Ireland and the UK are part of an increasingly integrated European market for electricity and gas. The move towards a single market for energy and the Energy Union brings benefits for all members such as increased security of supply at reduced cost. How Brexit will impact this integrated market and the associated arrangements and regulation is one of the uncertain aspects of the UK referendum decision.
The majority of EU law, environmental law and energy wholesale market regulation is made for countries that are in the middle of Europe, land-locked and that have a surfeit of transmission lines criss-crossing them. Ireland as an island has practically no interconnections, which places it in a unique and potentially difficult position.

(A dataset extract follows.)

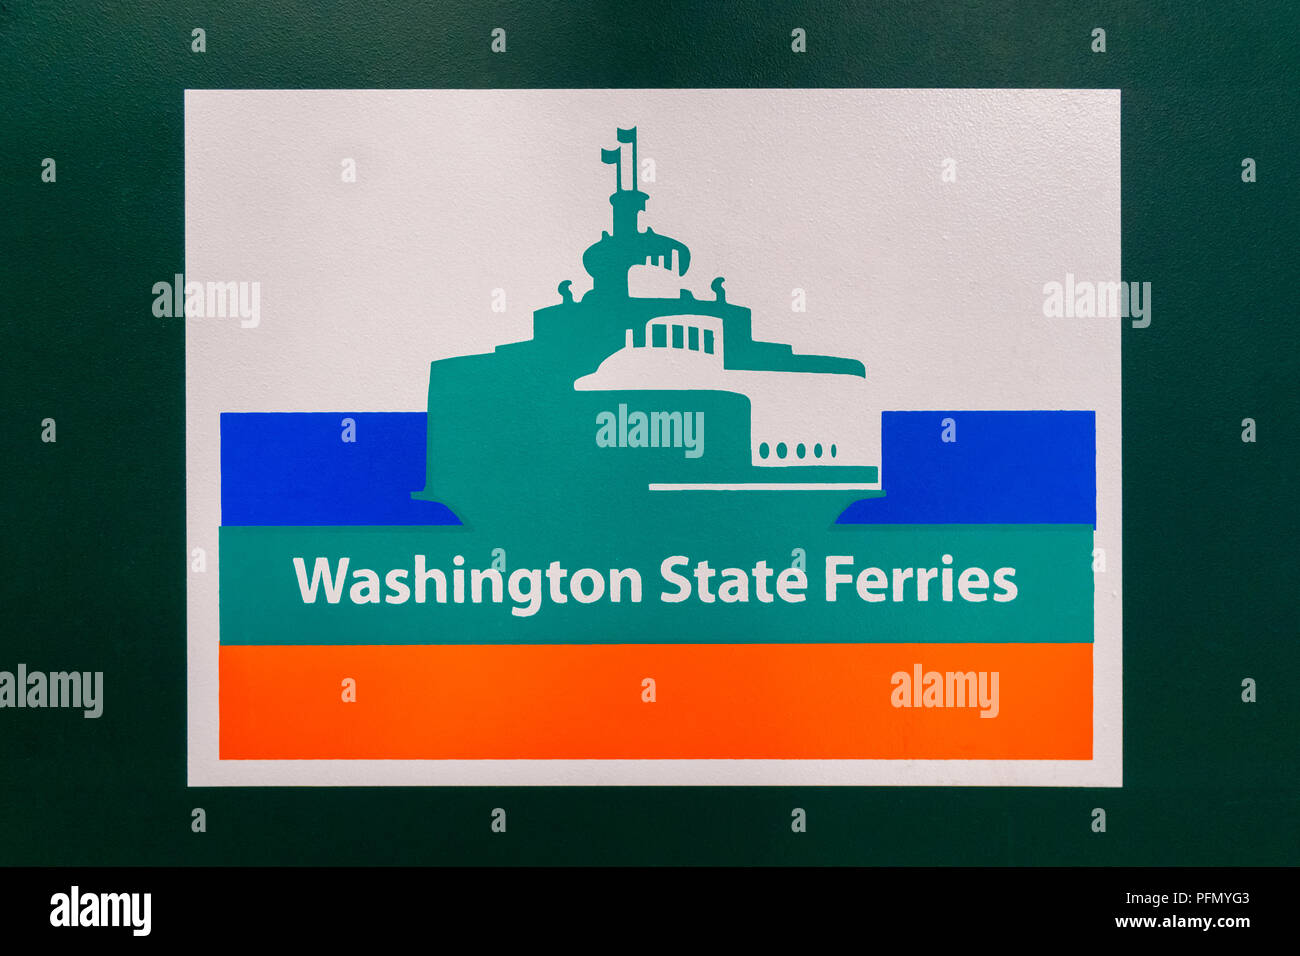 Washington State Ferries logotype or logo or design in the Bainbridge Island terminal, USA. Stock Photo

Current arrangements are unlikely to undergo changes in the short term, as this would require significant variation of UK legislation and policy. However, a significant portion of Ireland’s primary energy products are imported from the UK and therefore Brexit will potentially have large impacts on the energy sector in the longer term, so the approach required at the moment is to take stock of current positions and make robust plans for the future.
One concern would be the imposition of tariffs on the provision of energy products which would have a significant impact on the Irish economy. The likelihood of this taking place is, however, low. Norway, Switzerland and Russia are examples of non EU member states that are integral to the EU’s energy markets and do not face the imposition of tariffs. Funding of interconnectors with GB or Northern Ireland will be a challenge and there will be a greater focus on interconnection with countries such as France.
The risk to the Irish economy arises from the delayed or abandoned harmonisation of energy market arrangements. Ireland and Northern Ireland currently operate a single wholesale electricity market and voluntarily harmonised retail arrangements. Regulators are in the process of reforming the wholesale electricity market to fully conform to the EU Target Model. The reforms will facilitate more efficient trading with EU member states, allowing decarbonisation of the electricity system at reduced cost while maintaining security and continuity of supply.
In the immediate term, energy companies should review their hedging strategies in light of a probable continued weakening of Sterling.